[Data below — start]

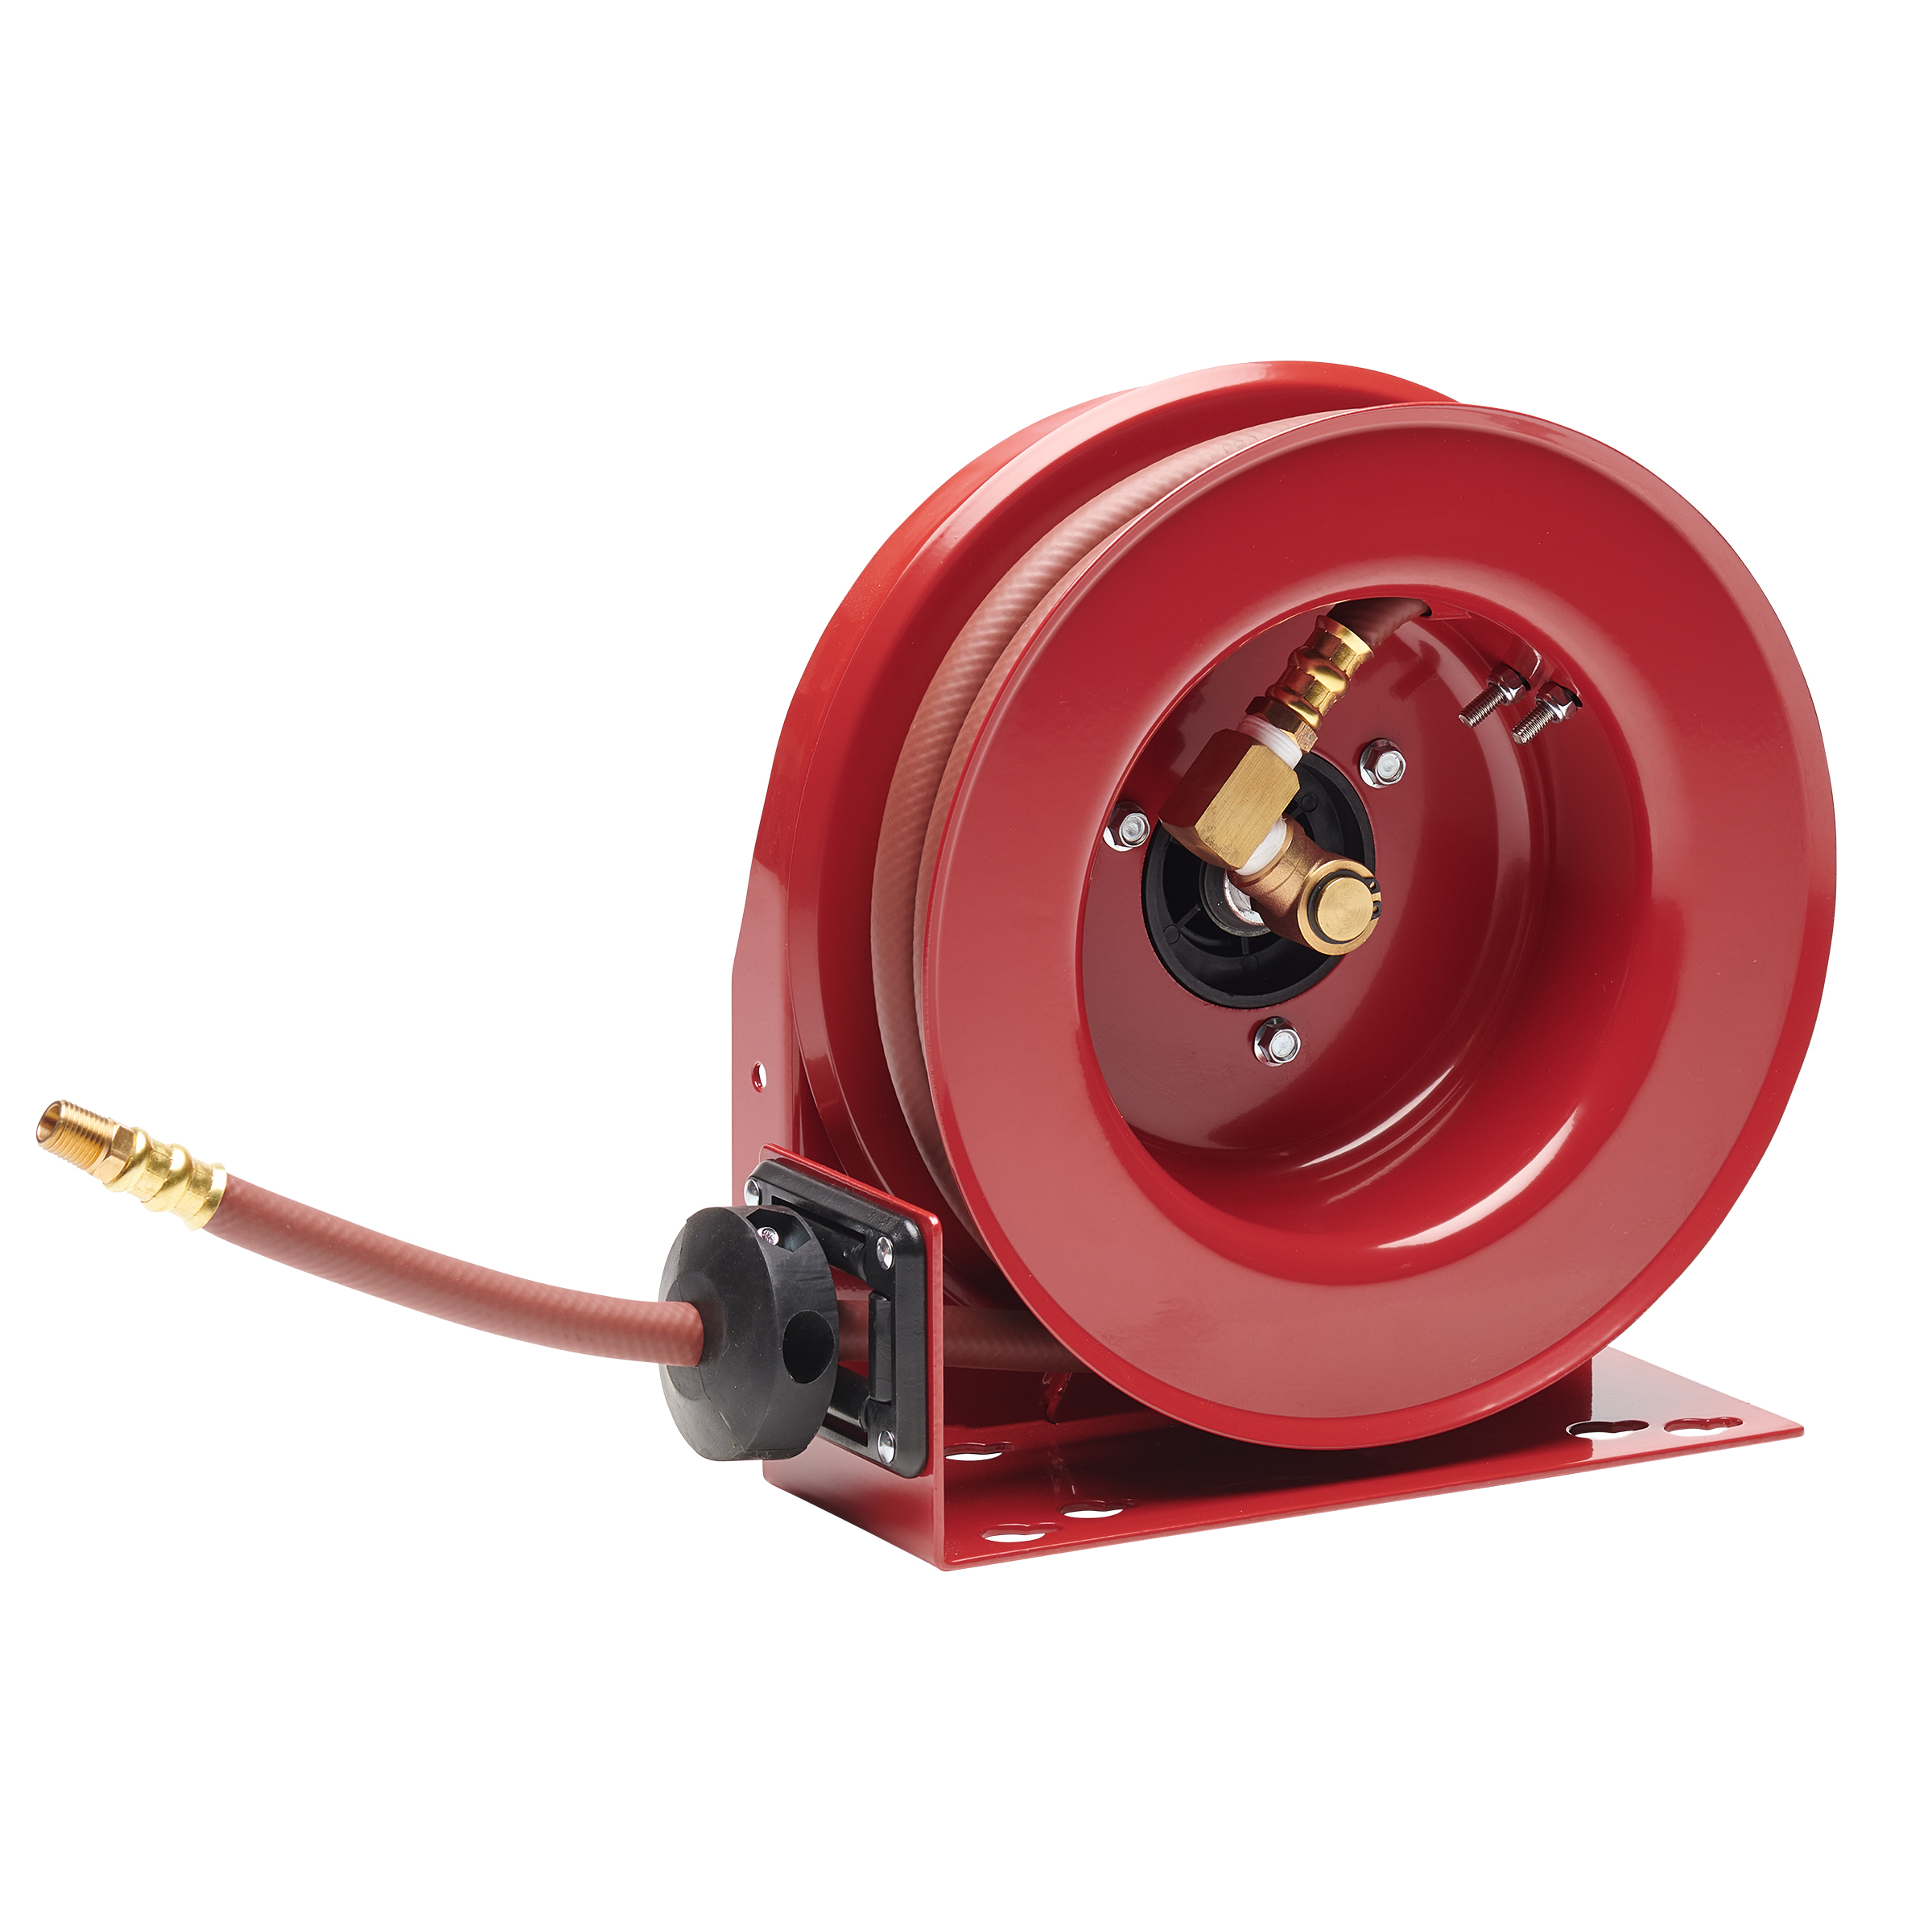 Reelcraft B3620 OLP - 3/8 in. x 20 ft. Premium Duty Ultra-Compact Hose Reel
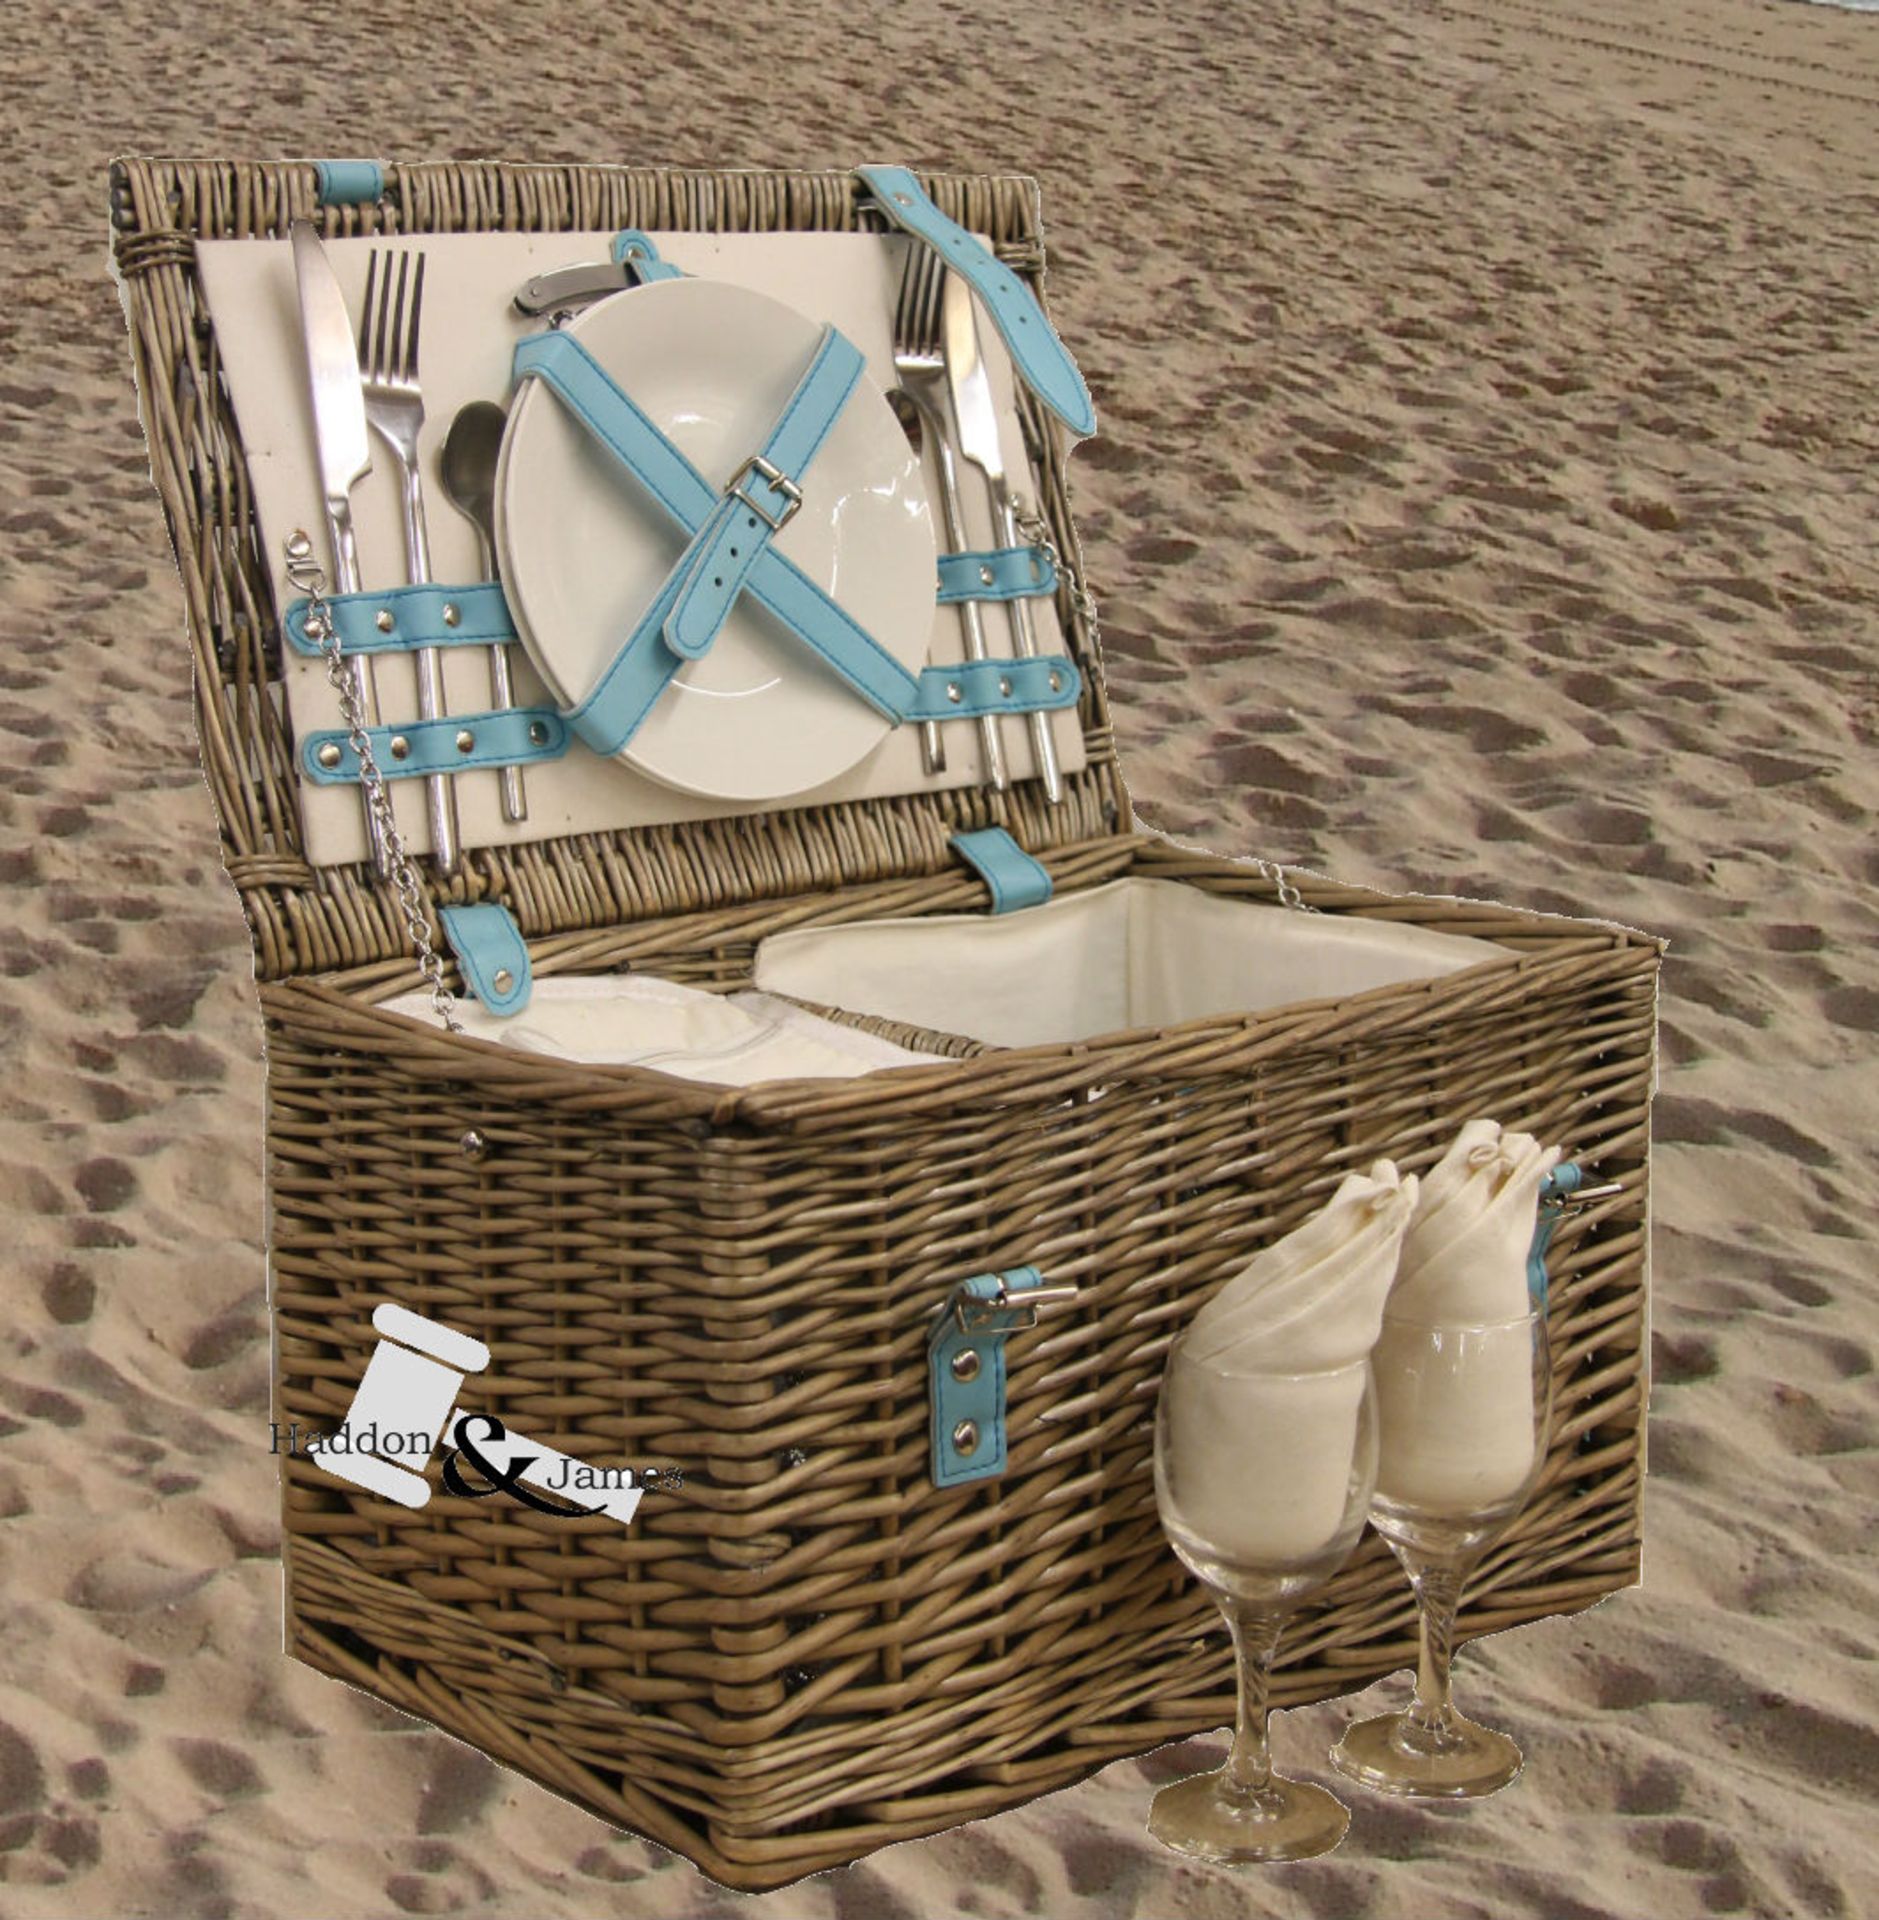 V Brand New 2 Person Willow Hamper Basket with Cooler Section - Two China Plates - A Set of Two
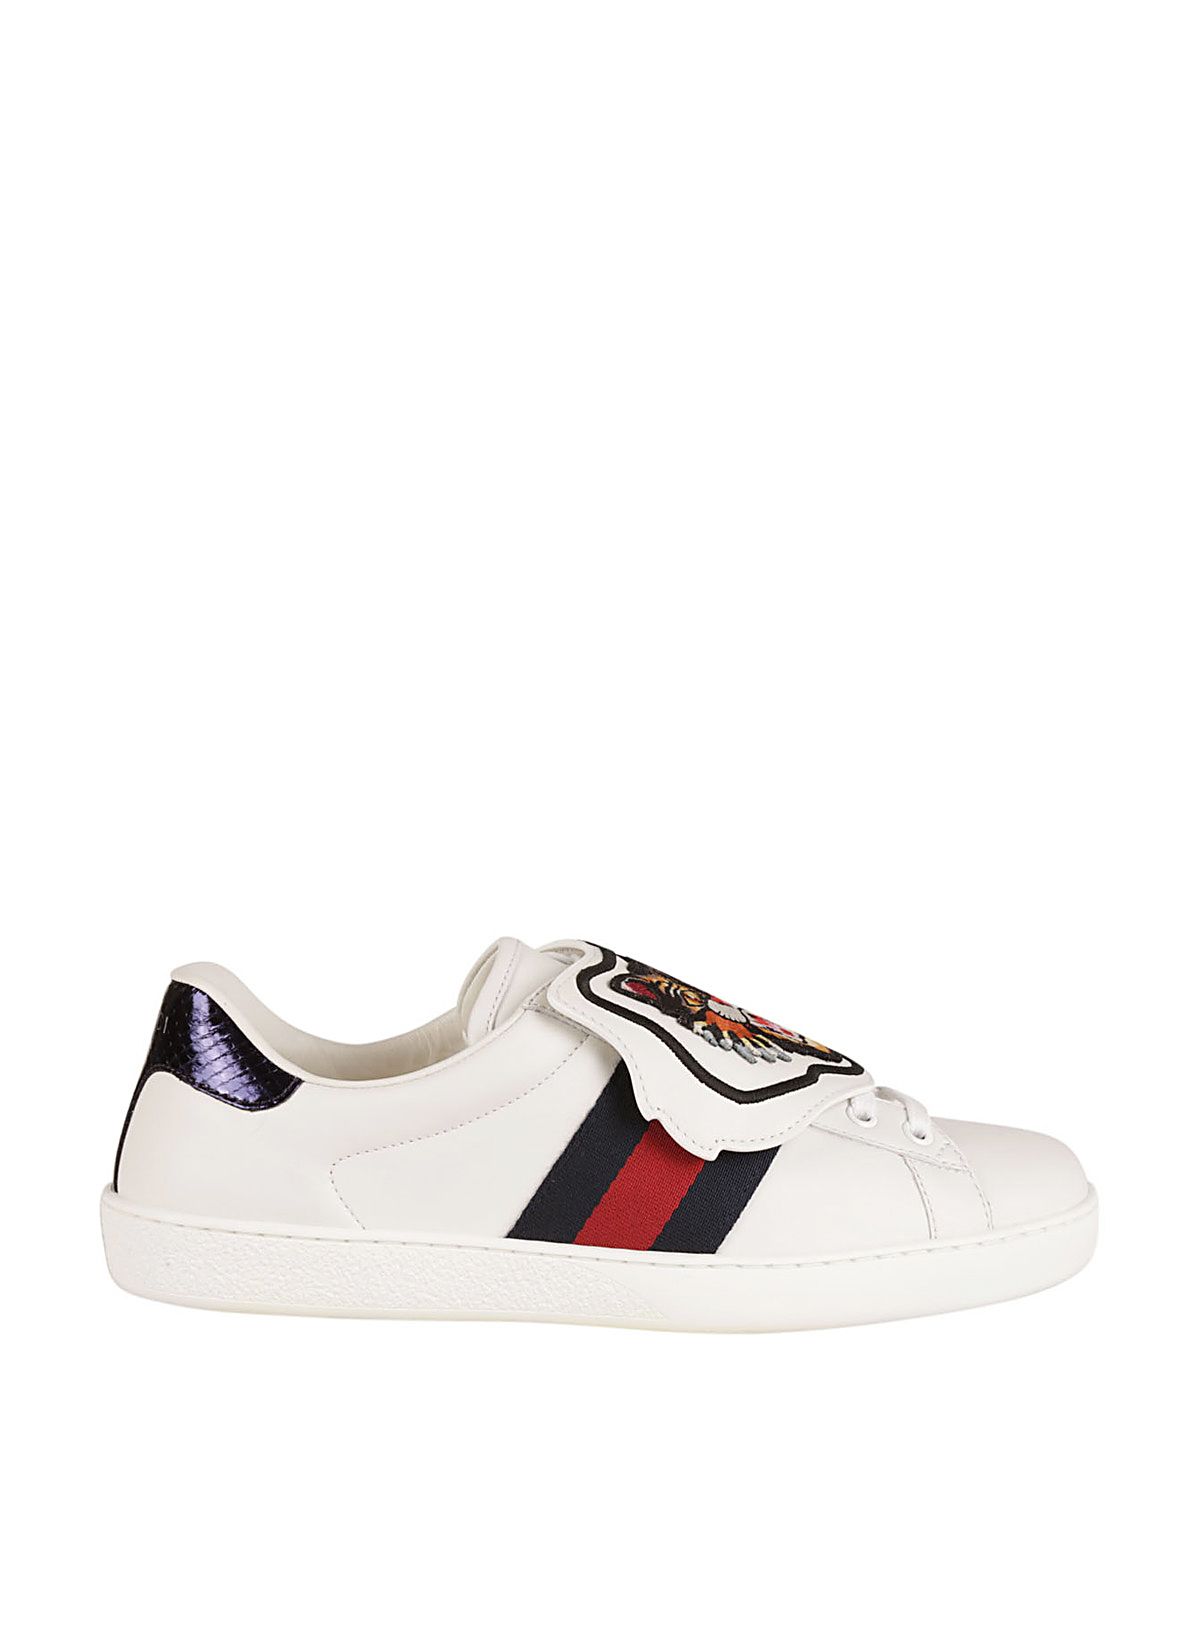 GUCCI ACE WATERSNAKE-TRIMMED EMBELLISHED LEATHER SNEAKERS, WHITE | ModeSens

[Data below — finish]

**Task item**
Give an exact copy of the material, leaving out every picture.

**Finished task**
 Reelcraft B3620 OLP - 3/8 in. x 20 ft. Premium Duty Ultra-Compact Hose Reel
 V Brand New 2 Person Willow Hamper Basket with Cooler Section - Two China Plates - A Set of Two
 GUCCI ACE WATERSNAKE-TRIMMED EMBELLISHED LEATHER SNEAKERS, WHITE | ModeSens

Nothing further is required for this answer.